__WHAT TO DO__:
Without the pictures, can you quote each line below exactly?

__GIVEN MATERIAL__:
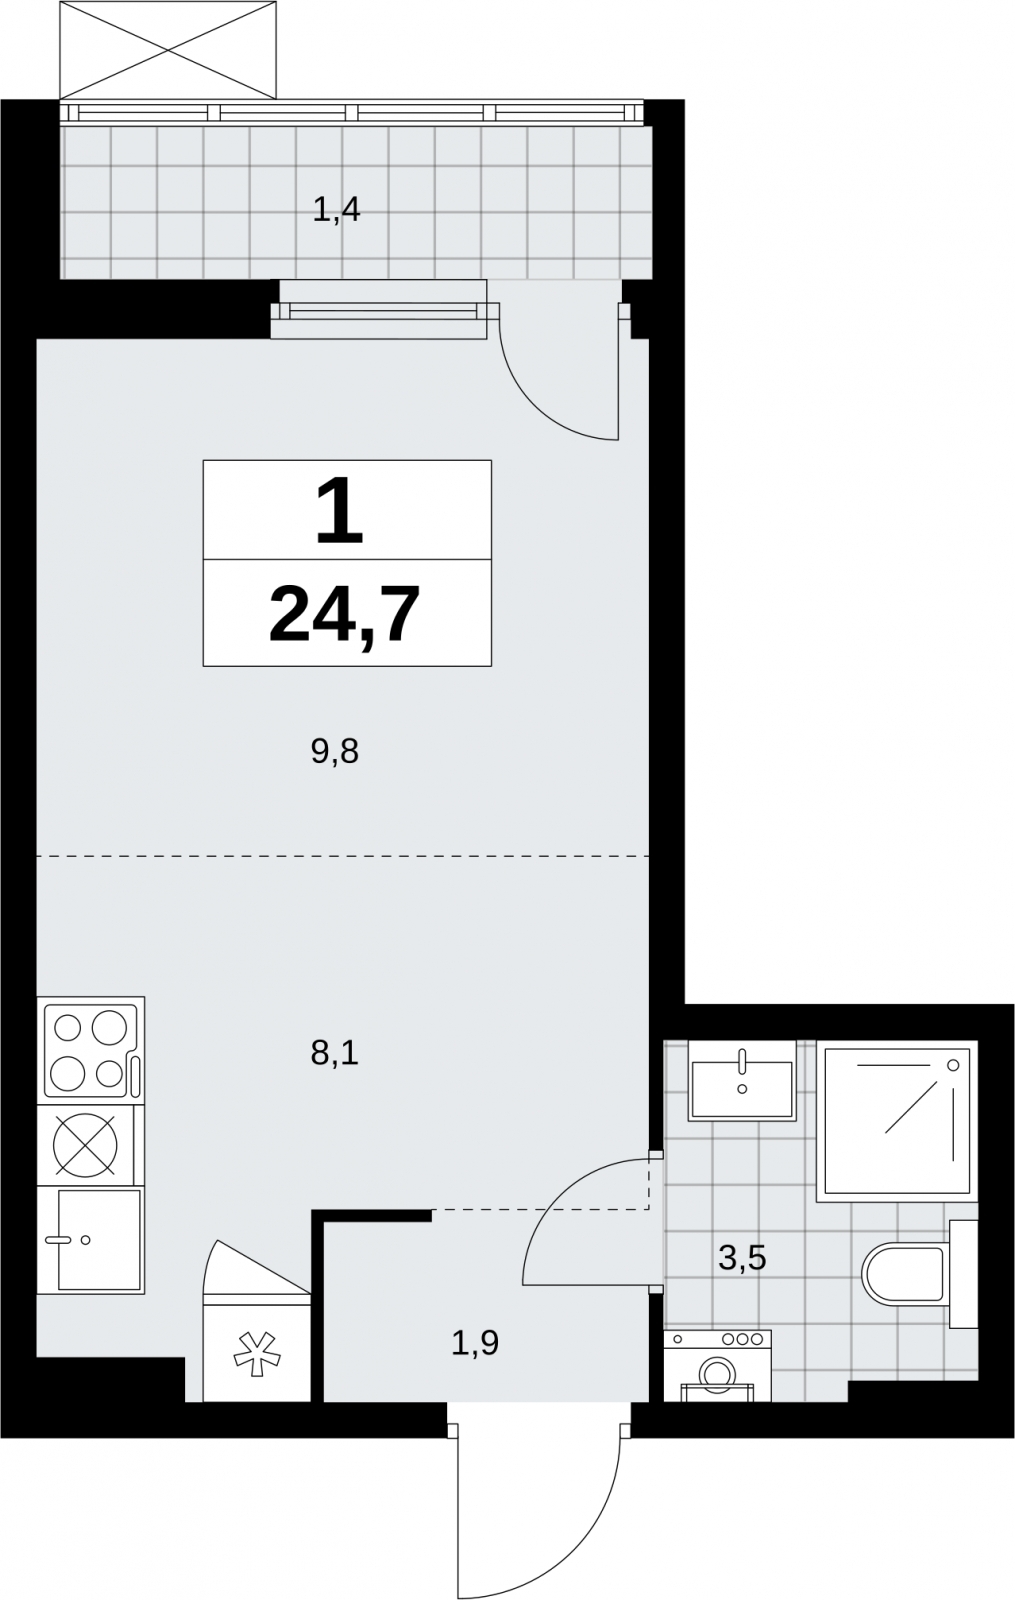 Продается 1-комн. квартира с отделкой в новом жилом комплексе, недалеко от метро
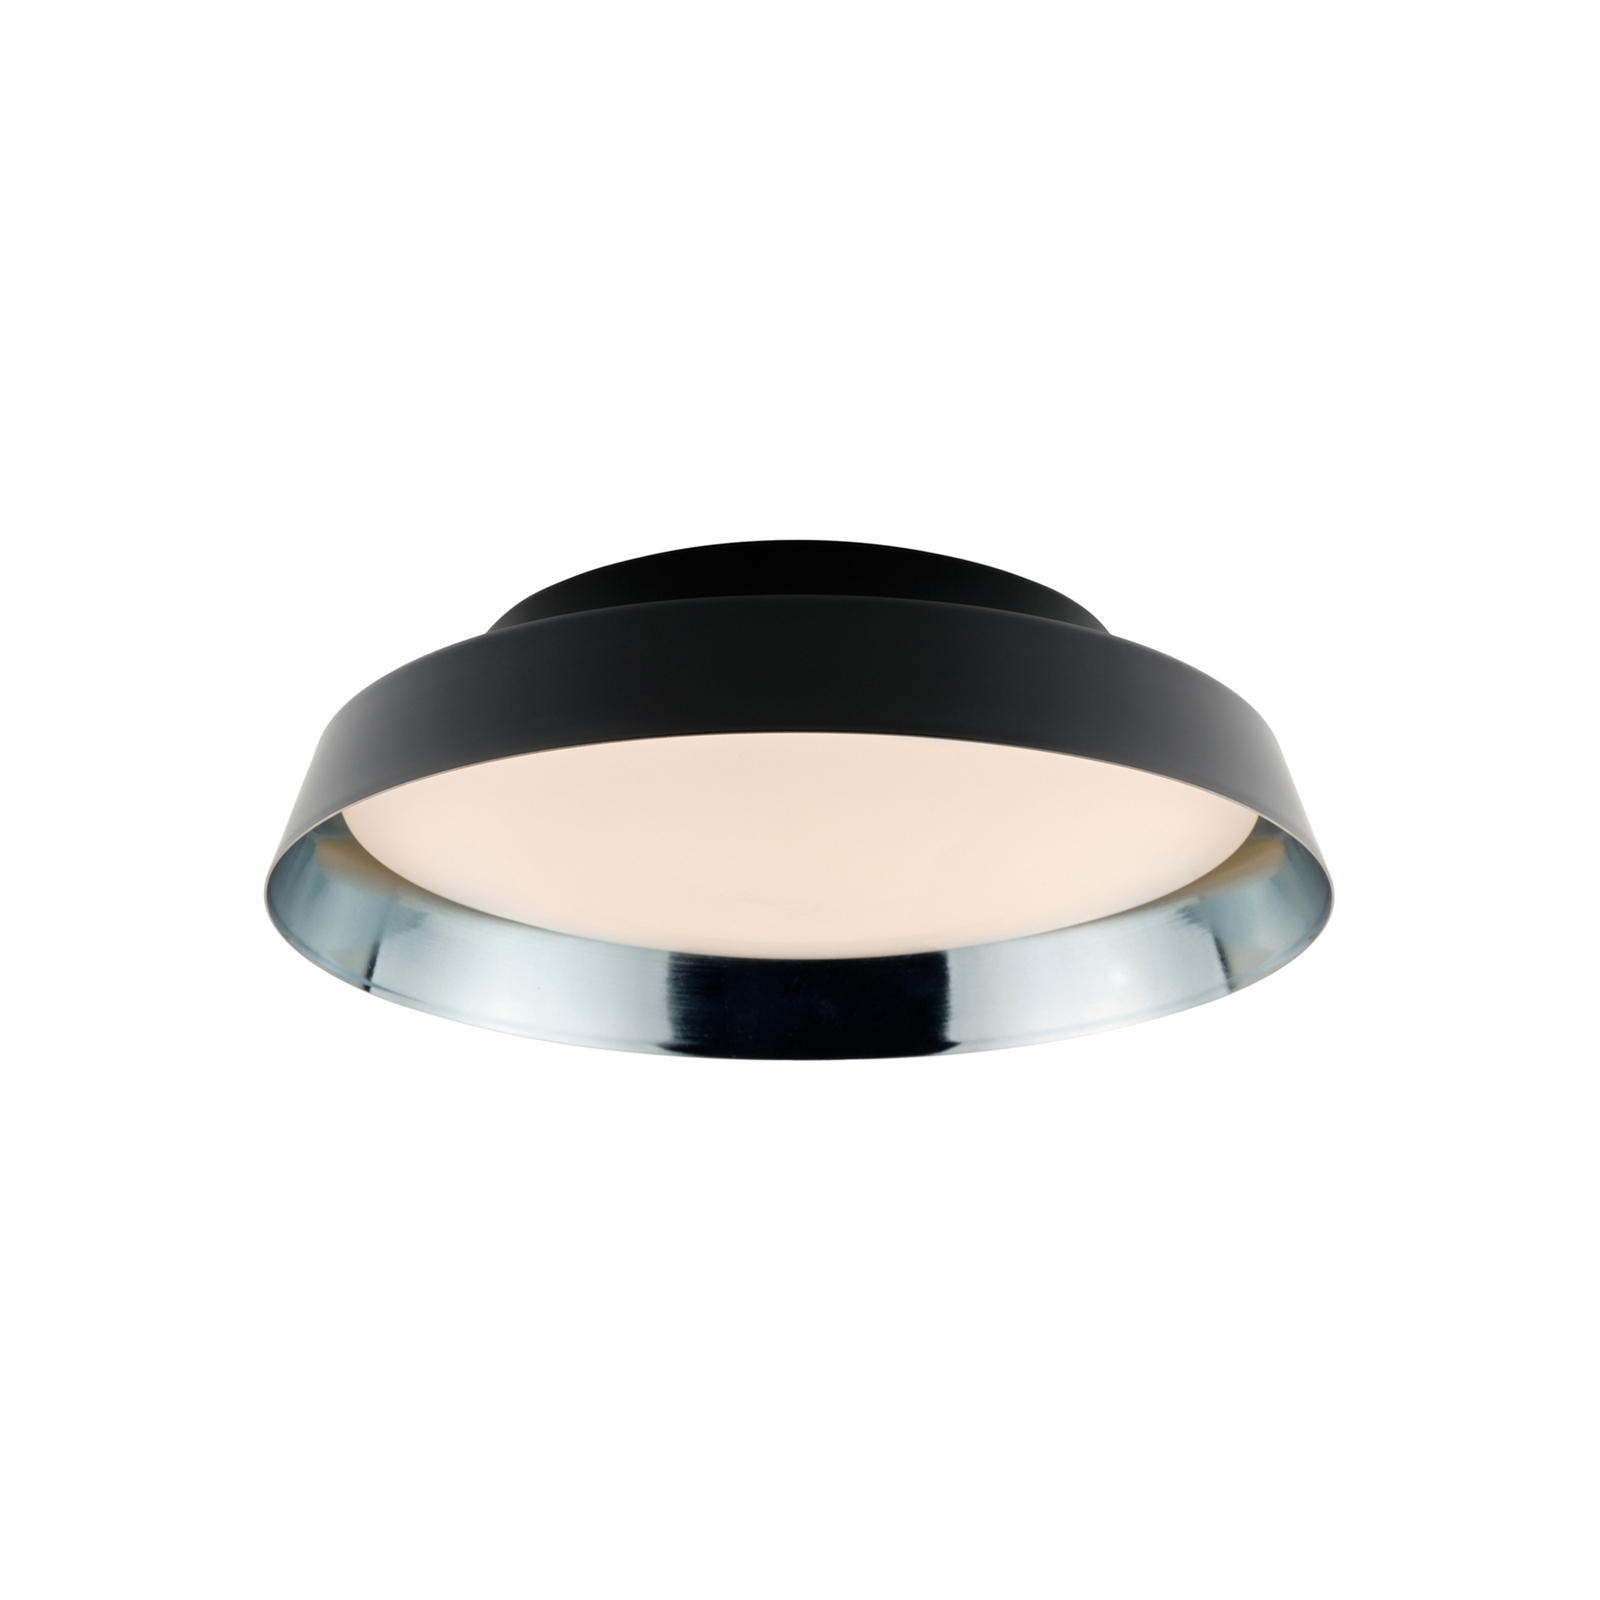 LED-Außendeckenlampe Boop! Ø37cm schwarz/blau-grau
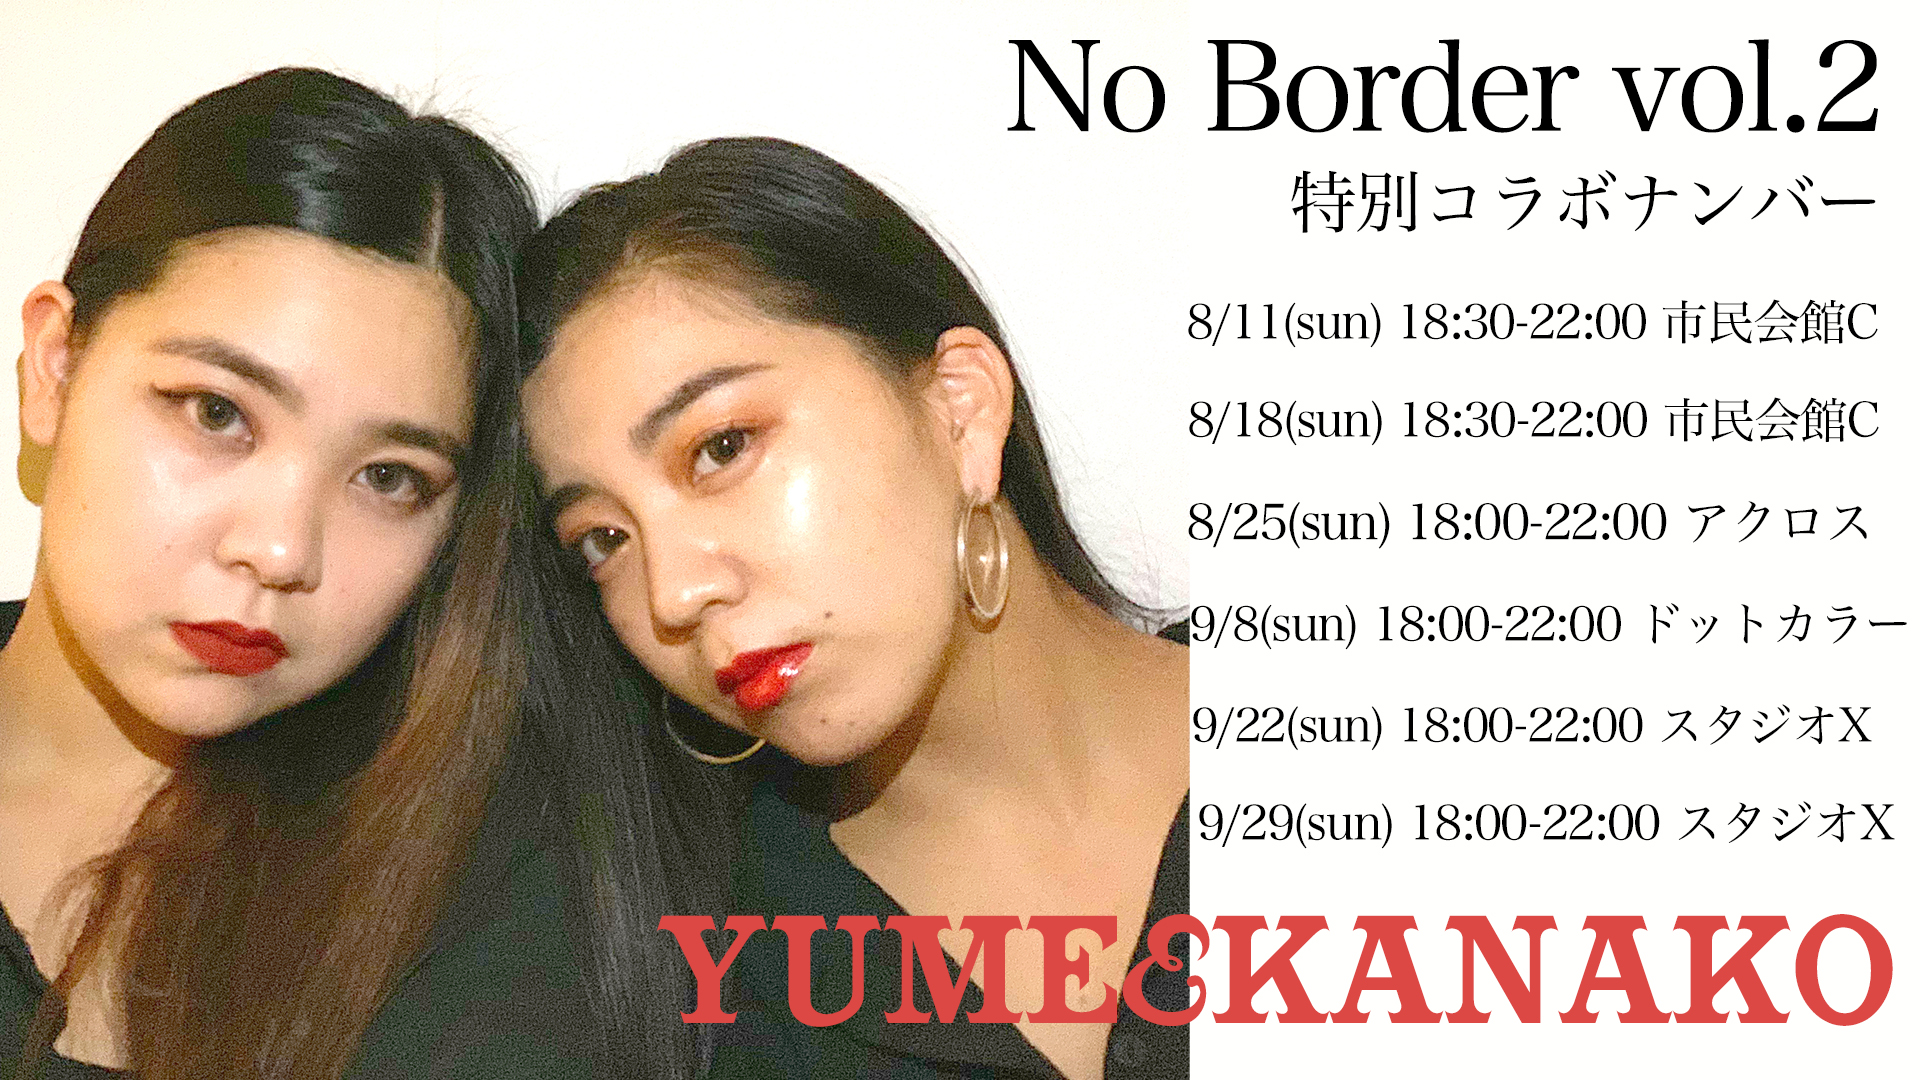 前回大好評！「YUME&KANAKO」がNo Border vol.2に復活！福岡でダンスを頑張っている方に挑戦してほしいナンバー！

__EXERCISE OUTPUT__:
 Продается 1-комн. квартира с отделкой в новом жилом комплексе, недалеко от метро
 LED-Außendeckenlampe Boop! Ø37cm schwarz/blau-grau
 前回大好評！「YUME&KANAKO」がNo Border vol.2に復活！福岡でダンスを頑張っている方に挑戦してほしいナンバー！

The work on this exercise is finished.